While more and more people are signing up to such schemes, the fact that the vast majority do not offer safety equipment like helmets raises serious concerns.

That is why Shiffer developed a device called the EcoHelmet, which uses a unique honeycomb configuration to protect the head from impact, and folds flat when not in use.

This design distributes any impact evenly around the head as effectively as a traditional polystyrene helmet and due to the radial nature of the cells, it will protect the user from a blow coming from any direction.

The EcoHelmet is also covered in a biodegradable coating, making it resistant to rain for up to three hours.

Due to its use of inexpensive materials, Shiffer expects that she will be able to sell them for around $5 per helmet.

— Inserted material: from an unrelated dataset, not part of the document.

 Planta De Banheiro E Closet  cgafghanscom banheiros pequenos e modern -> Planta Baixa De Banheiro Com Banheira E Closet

Speaking of her design, she said: “I was lucky enough to be studying at Royal College of Art and the Imperial College of London for a semester, and was granted access to Imperial’s crash lab.”

Runners-up also revealed

According to Shiffer, “They had a European standard helmet crash set-up that allowed me to gather enough data on EcoHelmet’s proprietary honeycomb configuration, to know it was viable and worth developing.”

James Dyson himself also spoke after the announcement saying: “EcoHelmet solves an obvious problem in an incredibly elegant way.

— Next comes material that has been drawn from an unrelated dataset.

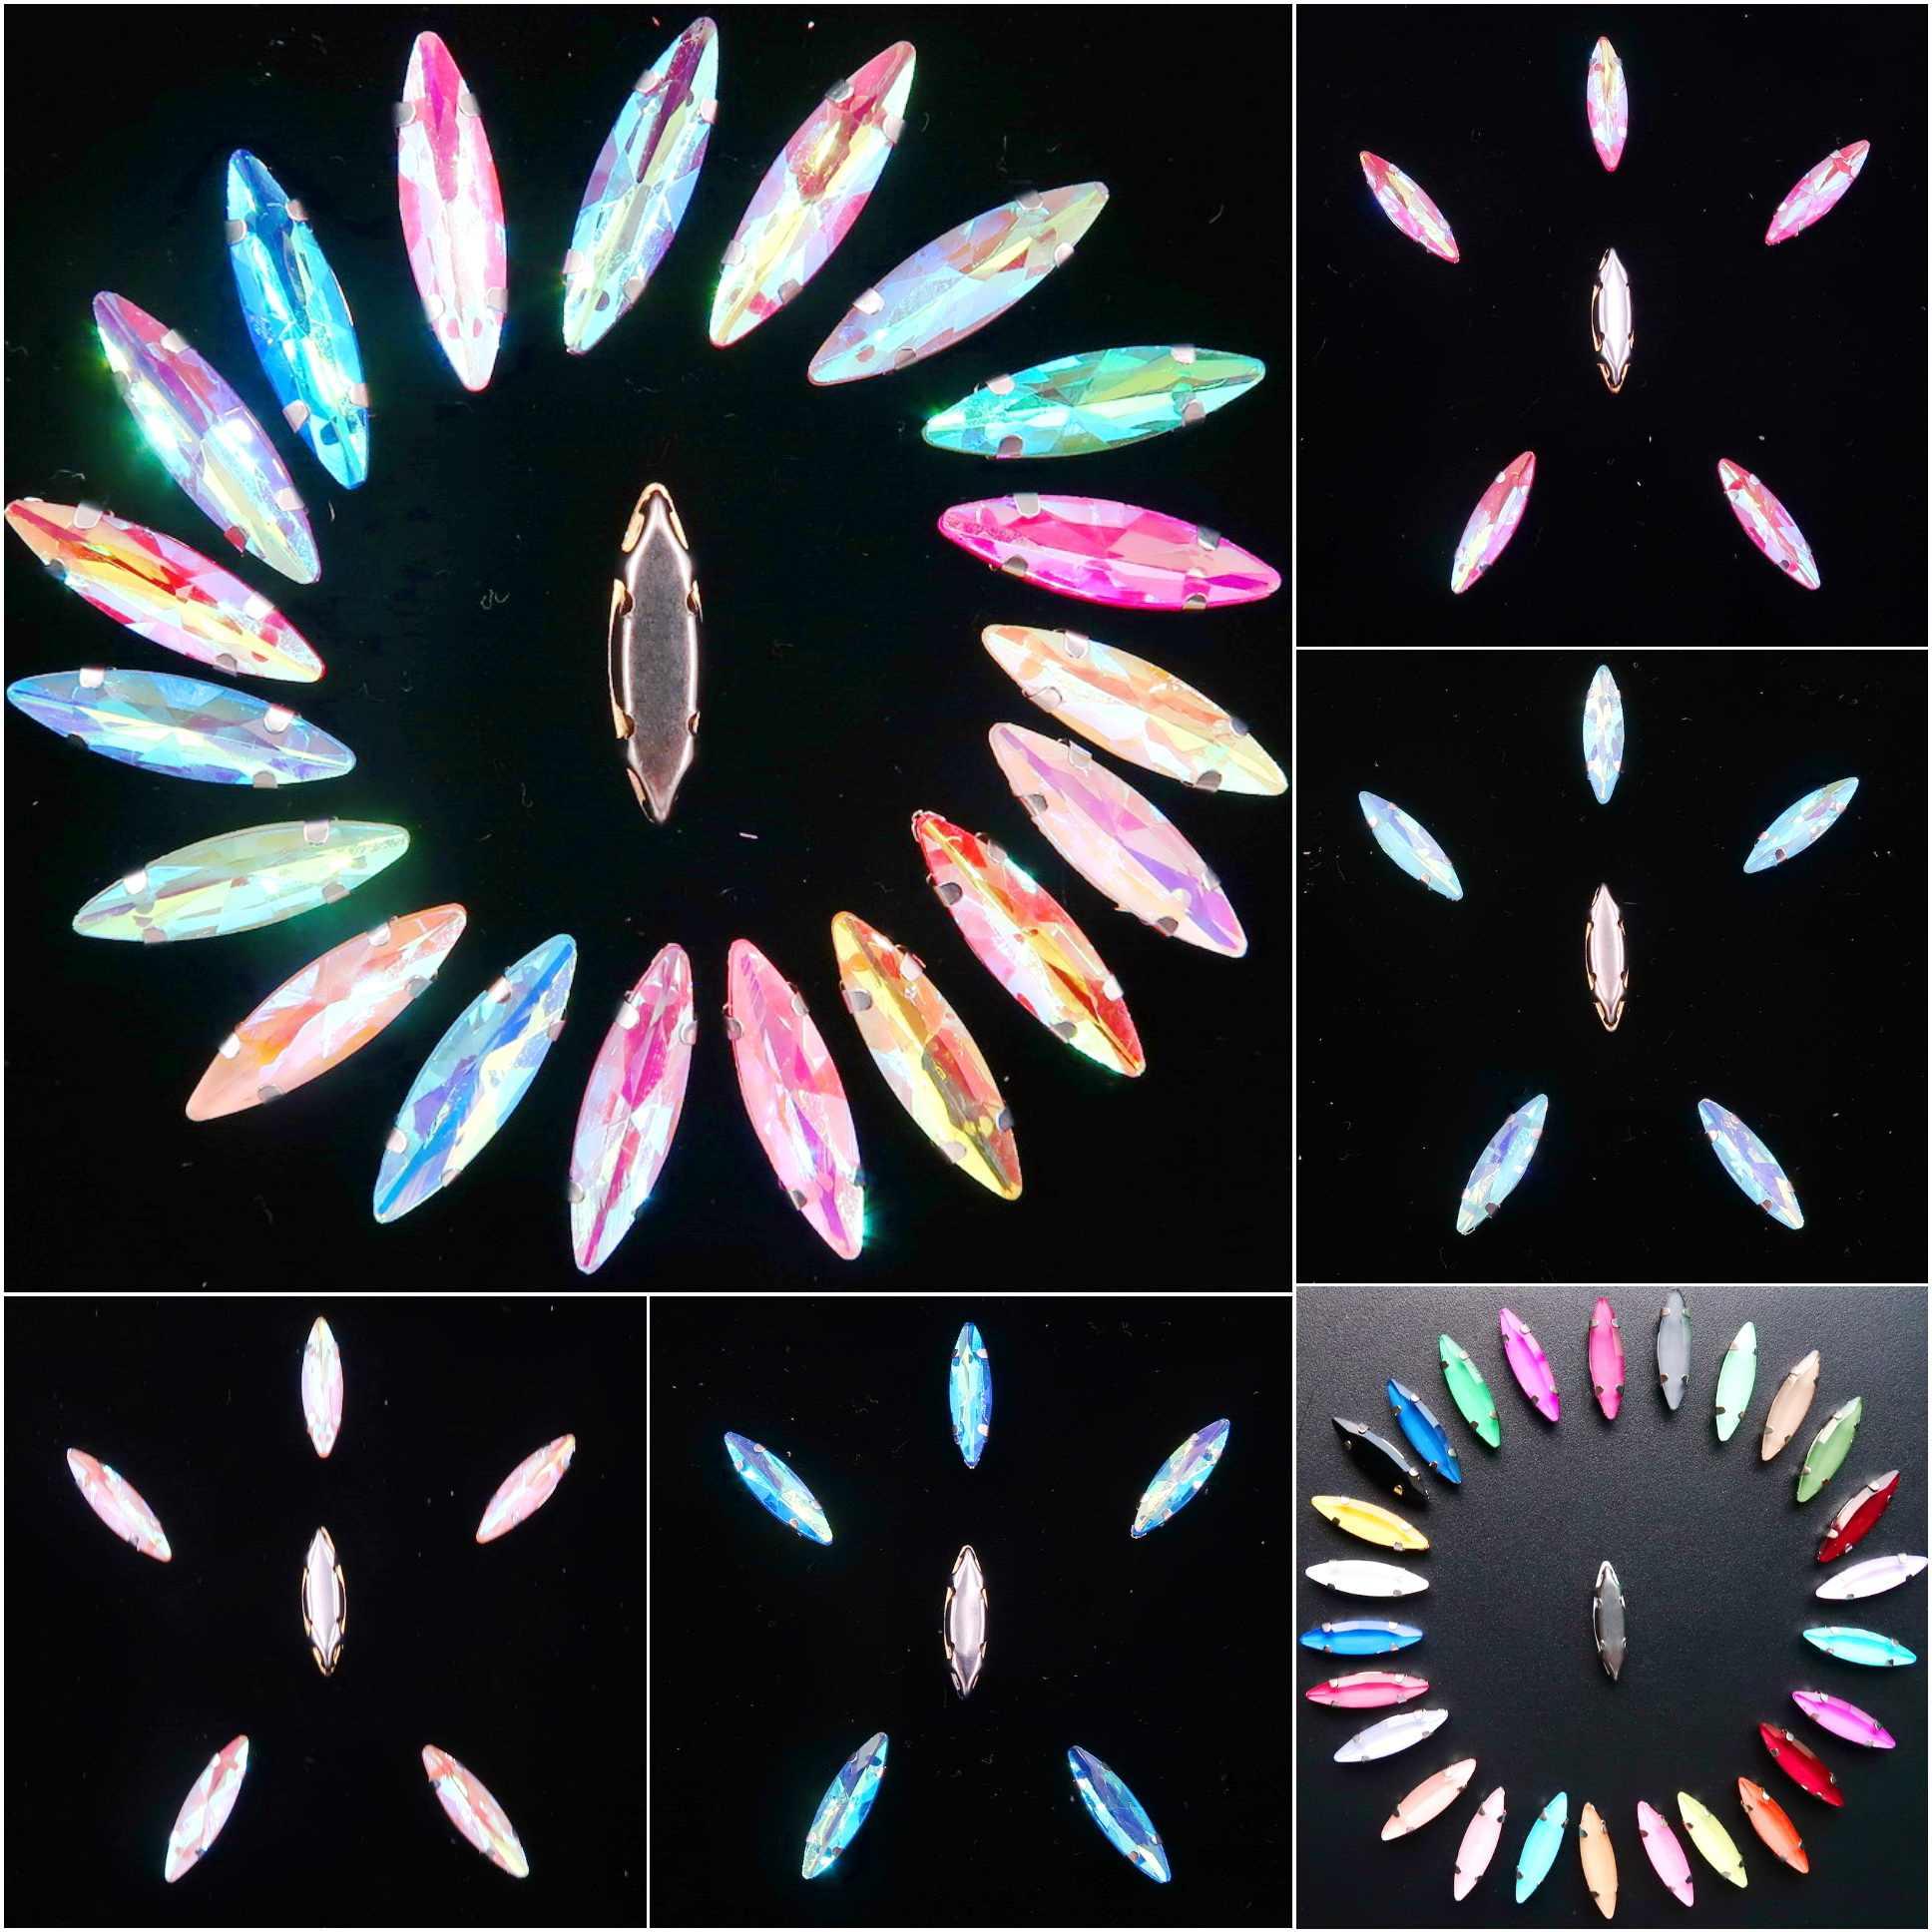 Srebrny pazur ustawienia 50 sztuk/paczka 4*15mm galaretki cukierki szkło kryształowe Navette Marquise kształt szyć na rhinestone kryształy odzież diy

“But its simplicity belies an impressive amount of research and development. I look forward to seeing EcoHelmets used in bike shares across the world.”

Two runners-up for the award were also revealed, including nanotechnology engineer Huayi Gao, who developed a smart contact lens with a sensor that can continuously monitor its user’s glucose levels.

The second runner-up was Katherine Kawecki, who developed Respia, an asthma management system that tracks and records the user’s respiratory health and medication use.

Unfortunately missing out on the final three was the Hydro-FLOcean (H-FLO) from Cork Institute of Technology, which prevents accidental drownings among work crews.